* _EXERCISE OBJECTIVE_
Your answer is the lines below, exactly, from the one that contains "Sunnydaze 7 Foot" through the one that contains "Nike Kaishi Run Ladies Trainers", both included.

* _DATASET_
▬▬▬▬▬▬▬▬▬▬

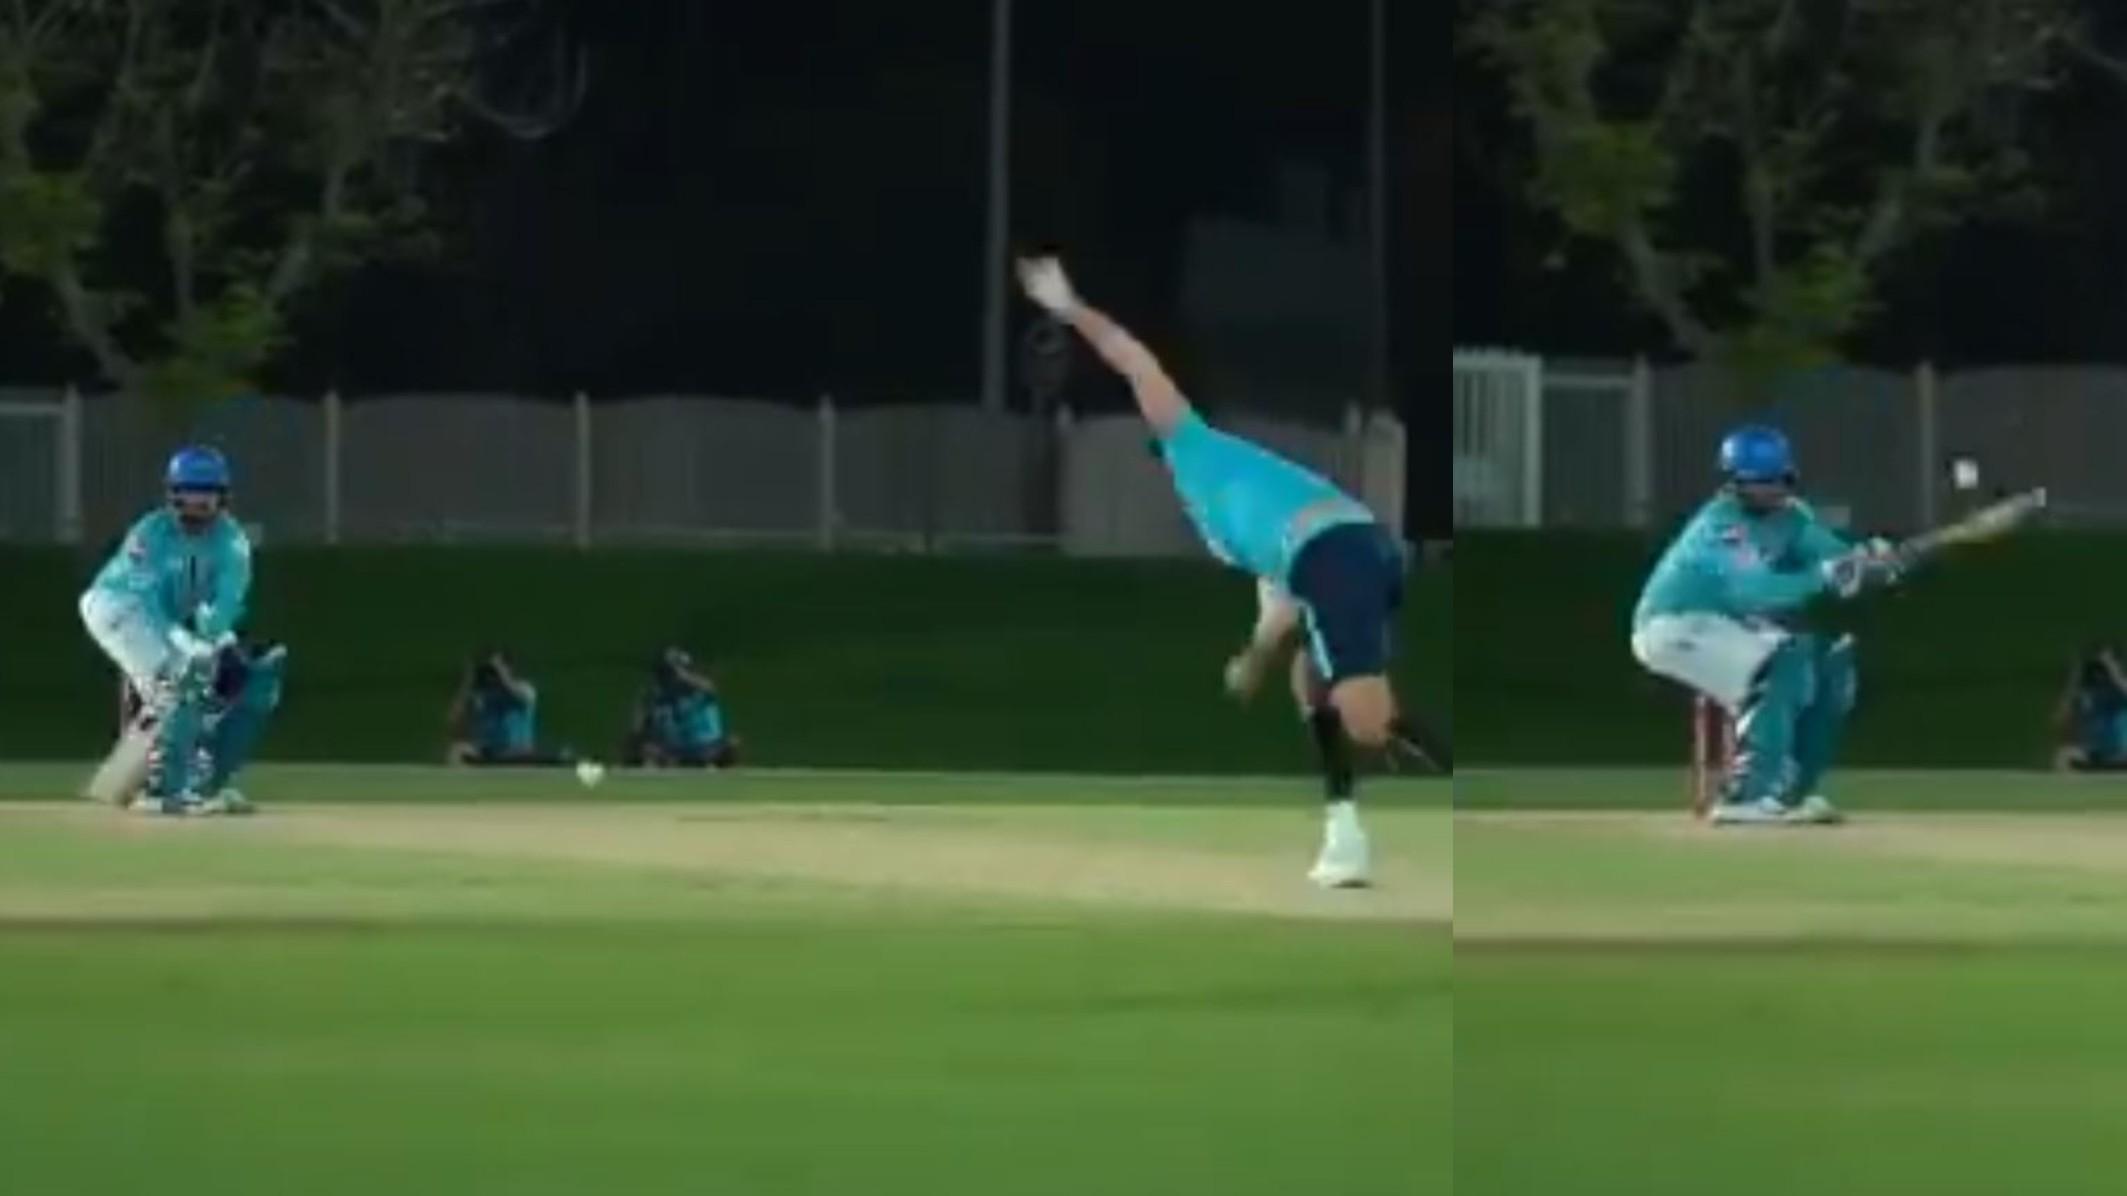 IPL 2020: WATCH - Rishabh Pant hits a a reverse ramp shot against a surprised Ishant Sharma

▬▬▬▬▬▬▬▬▬▬

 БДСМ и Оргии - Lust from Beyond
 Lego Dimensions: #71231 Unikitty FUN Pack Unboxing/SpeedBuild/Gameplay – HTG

▬▬▬▬▬▬▬▬▬▬

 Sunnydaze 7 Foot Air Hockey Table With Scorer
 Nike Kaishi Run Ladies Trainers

▬▬▬▬▬▬▬▬▬▬

* _EXPECTED ANSWER_
 Sunnydaze 7 Foot Air Hockey Table With Scorer
 Nike Kaishi Run Ladies Trainers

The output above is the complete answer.